黄朝翰在东亚政治经济所伊始的首要任务就是要把该所从一个专门研究中国古代哲学的机构打造成一个研究当代中国,尤其是关注中国政治变化和经济改革的研究基地。换句话说,新的研究所将致力于“中国问题研究”。

在最初的两年“中国问题研究”几乎都是在披着“儒家研究”的外衣的情况下进行着。这里面有充分的政治考量。“中国问题研究”事实上完全是研究“中共”的发展,而“共产主义”在当时的新加坡还是非常敏感的话题,在新加坡周边的东南亚各国,更是禁忌话题。出于地缘政治考虑,新加坡一直等到印尼与中国建交不久之后,才于1990年10月跟中国建立正式外交关系。即使是在邓小平已经开始改革开放的1980年代初,新加坡还禁止进口和销售来自中国的书报。印尼更是禁止了所有中文书刊。在新加坡,即使是到了1990年代,关于中国的新闻很少能登上本地华文报纸《联合早报》的头版,而英文的《海峡时报》更是用“红色中国”泛指一切与中国大陆有关的事情。
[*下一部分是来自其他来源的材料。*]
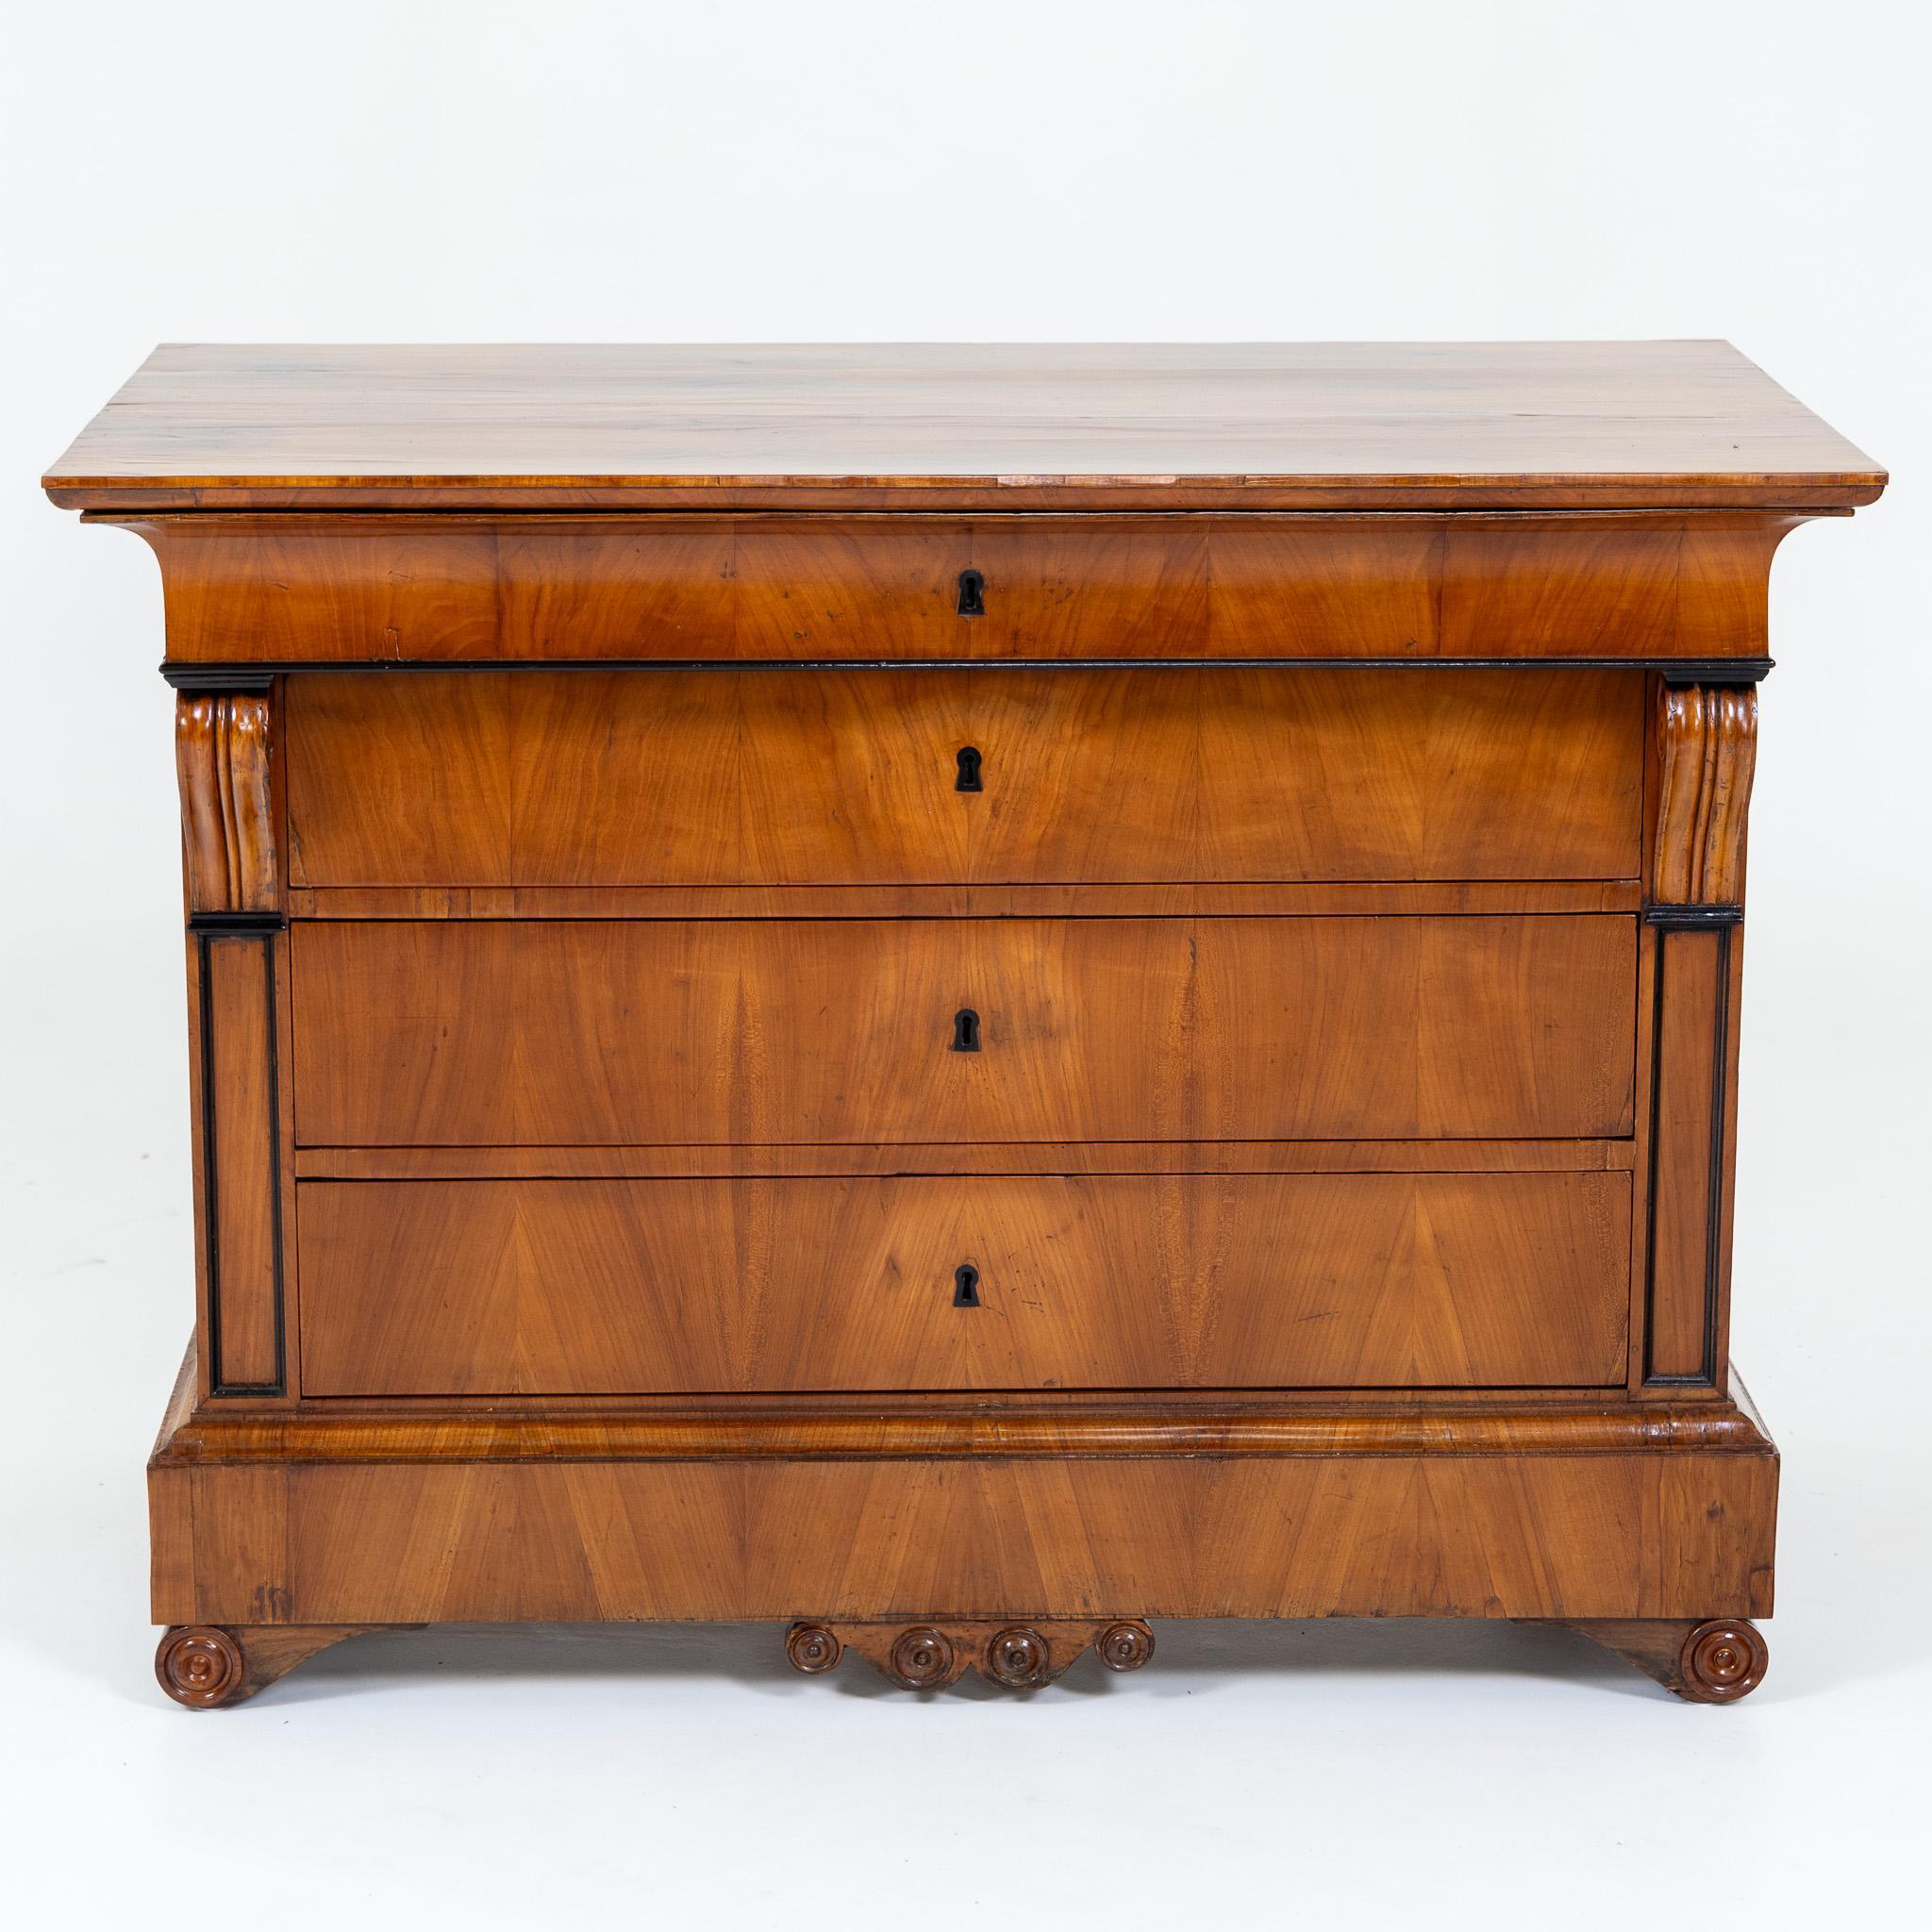 Polished Biedermeier Chest of Drawers, polished Cherry veneer, four drawers, circa 1830 For Sale
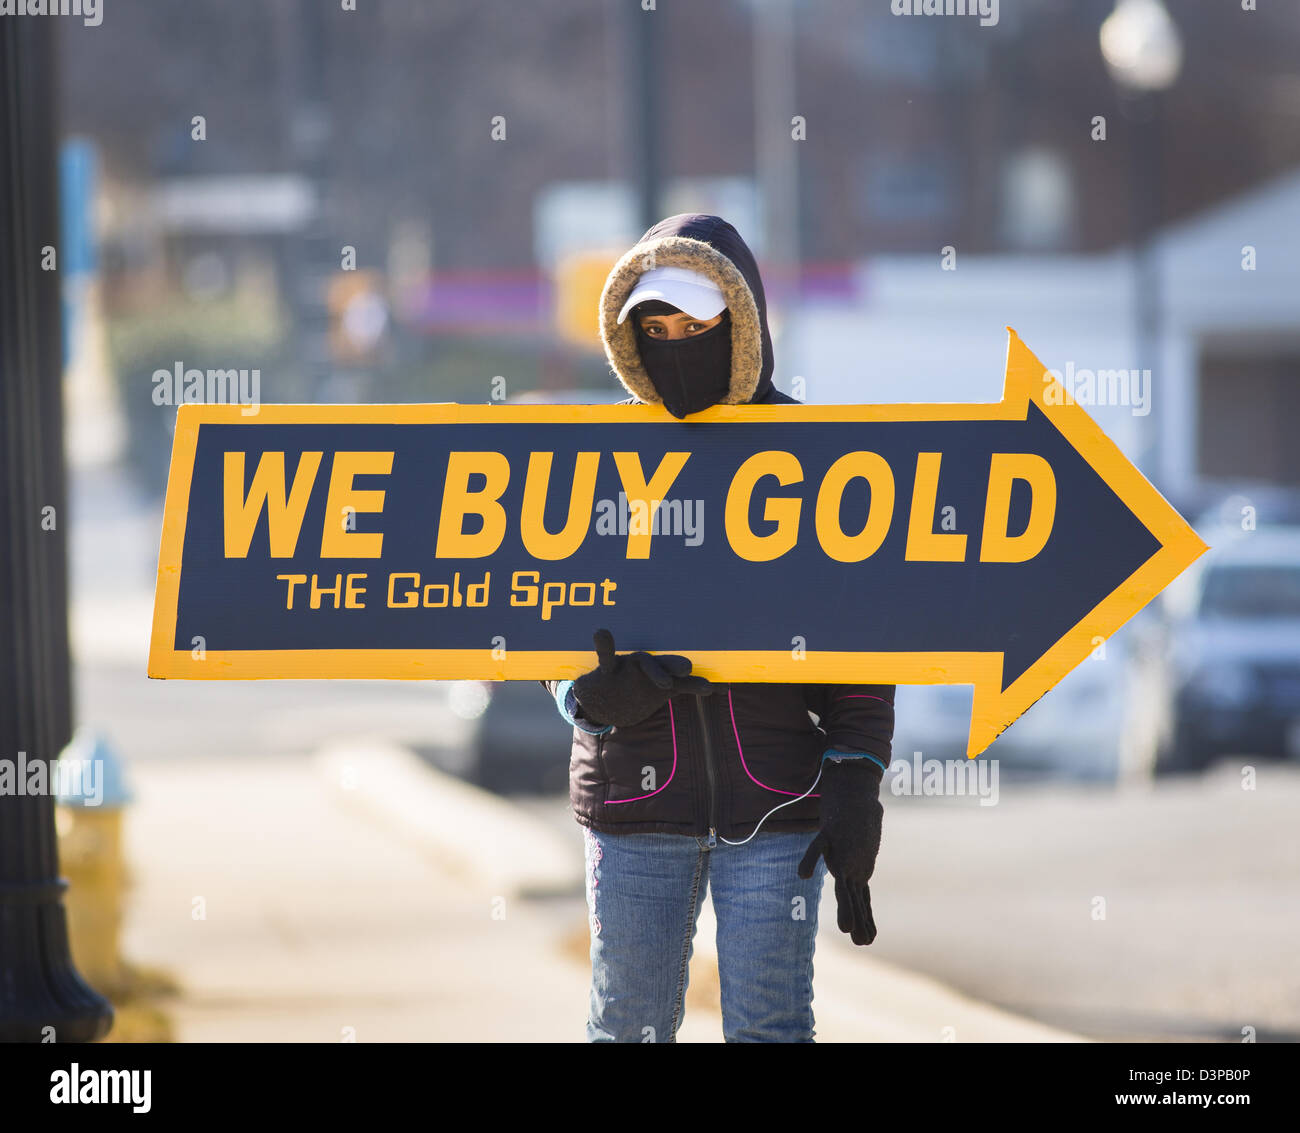 ARLINGTON, VIRGINIA, USA - Woman holds We Buy Gold sign on sidewalk to attract customers. Stock Photo

正是由于这些冷战的遗留影响,当时东亚哲学所在古典研究的名义下进行敏感的当代中国研究,工作非常低调。特别是因为当时很多研究人员来自于中国大陆,政治背景十分复杂,所以更要小心谨慎。这种情况一直维持要等到1992年,邓小平的“南巡”宣告中国将进一步改革开放,东亚哲学所才更名为东亚政治经济所。

如果说敏感政治环境是一个考验,那么招募合适的研究人员则是一个更大的挑战。1990年代初期,要找一批接受过现代社会科学训练的大陆出身的学者十分困难。为了招募到合格的研究团队,黄朝翰曾几次前往美国、英国和澳大利亚,但收获不大。中国在1980年代曾经派遣了许多留学生到欧美读研究生,但他们中只有很小一部分人选择了社会科学,而选择读博士的更少。在1991年,在顶尖大学获得政治学、经济学和社会学博士的中国学生简直屈指可数。而这些获得了博士学位的中国学者大部分又倾向于留在美国,哪怕只是在一个很小的学院教书。而且并不是所有的博士都适合在我们的研究所开展实证研究:例如经济学博士的专业训练对于政策研究而言也许会过于狭隘和“数学化”。事实上,东亚政治经济所自始至终一直都为这个招募问题所困扰。